The game was so out of hand that, by the end of the third quarter, Clemson rolled out not one — but two — backup quarterbacks in Christopher Vizzina and Trent Pearman. The two combined for 70 yards.

Offense sputters under Johnson

The Tar Heels, to their credit, managed to score yet again — a field goal, this time — on Saturday’s opening drive. Rece Verhoff nearly tacked on another field goal with an attempt that bounced off the left upright. And Freddie Kitchens’ offense seemed more intent on finding wideout and top offensive threat Jordan Shipp, who was targeted six times for five catches and 41 yards.

That’s about all there is to write home about on the offensive side of the ball for UNC.

With starting quarterback Gio Lopez out, veteran Max Johnson took over. He recorded a largely futile 213 yards — the first Tar Heel to throw for over 200 yards this season — and 26 completions on 42 attempts.

The Tar Heels as a whole didn’t find much success on the ground, running for 57 total yards. Demon June, who offered a glimmer of hope for UNC after his breakout 148-yard performance against Richmond in Week 3, managed to pick up just 16 yards on five attempts.

With Lopez still recovering from the leg injury he suffered against UCF, and Johnson’s performance not boosting too much confidence in his own abilities, it’s unclear who will be the Tar Heels’ signal-caller moving forward.
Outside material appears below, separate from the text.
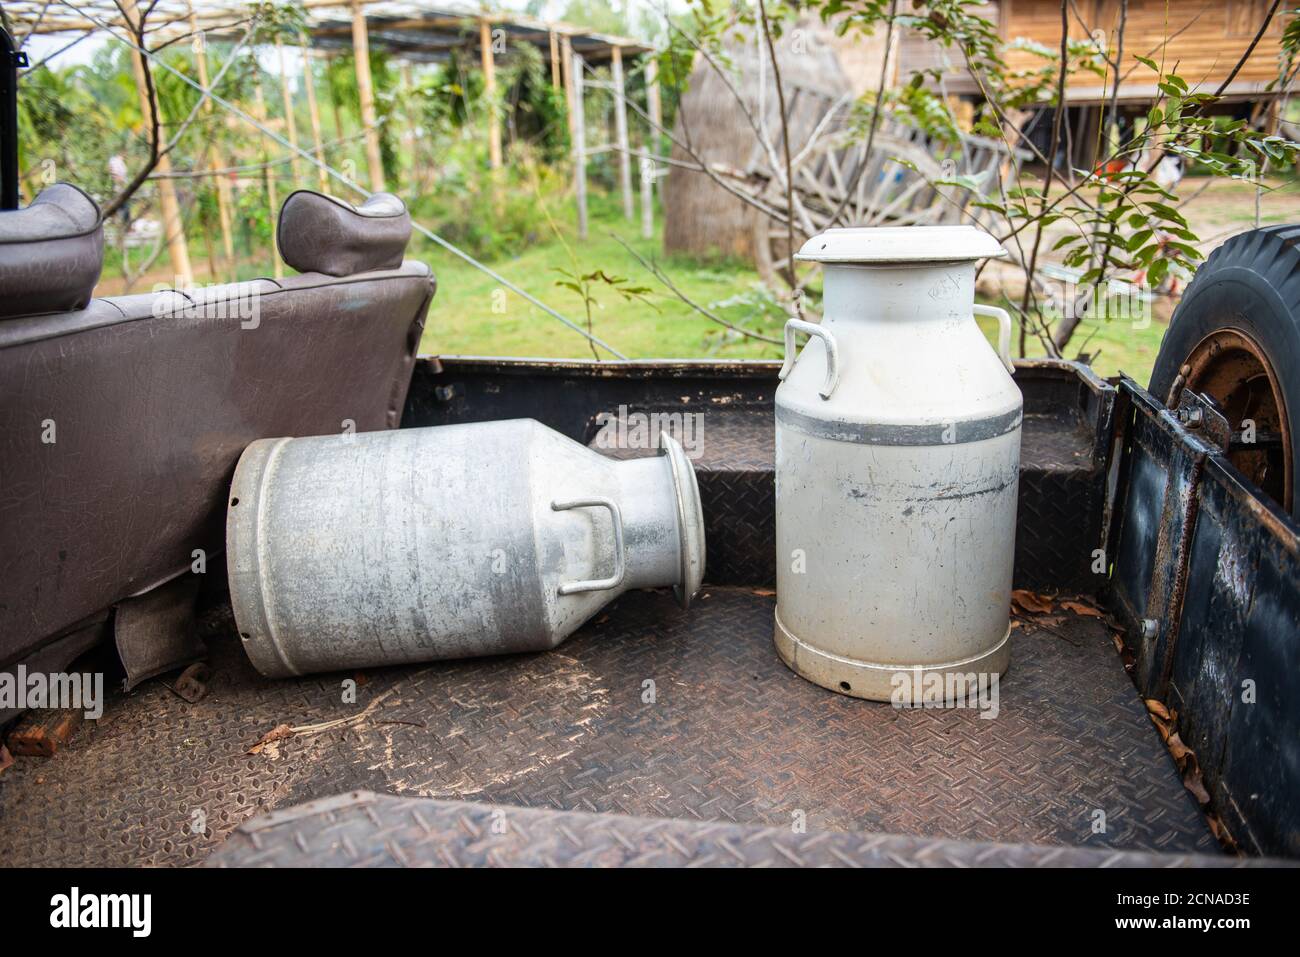 Old milk can in farm.old milk canisters at a farm. Stock Photo

And given UNC’s inability through three Power 4 matchups to get much of any offensive rhythm going, it’s unclear who — if anybody — will step up for the Tar Heels as a playmaker this fall.

Unforced errors plague the Tar Heels

With 7:07 left on the clock in the second quarter, Belichick had to burn a timeout just before Clemson was set to punt the ball when North Carolina had 12 players on the field.

The error cost Belichick, the special-teams guru, a timeout and was yet another example of the many unforced errors committed by the Tar Heels on Saturday.

There were presnap penalties and alignment issues. Poor awareness led to wideout Javarius Green catching a deep pass late in the second quarter out of bounds. He was wide open and, had Johnson’s throw been lower or Green attempted to high point the ball, UNC could’ve easily scored its first touchdown of the afternoon.

The general lack of execution, in addition to a sputtering offense and porous defense, created a trainwreck of a performance for UNC on Saturday.

That much was clear to the many UNC fans who beelined to the exits as early as the first quarter, creating a nearly-empty atmosphere at Kenan Stadium by the end of the game.

“It don’t really matter who’s in the stands,” Shipp said after the game. “All that matters is what we got in the locker room.”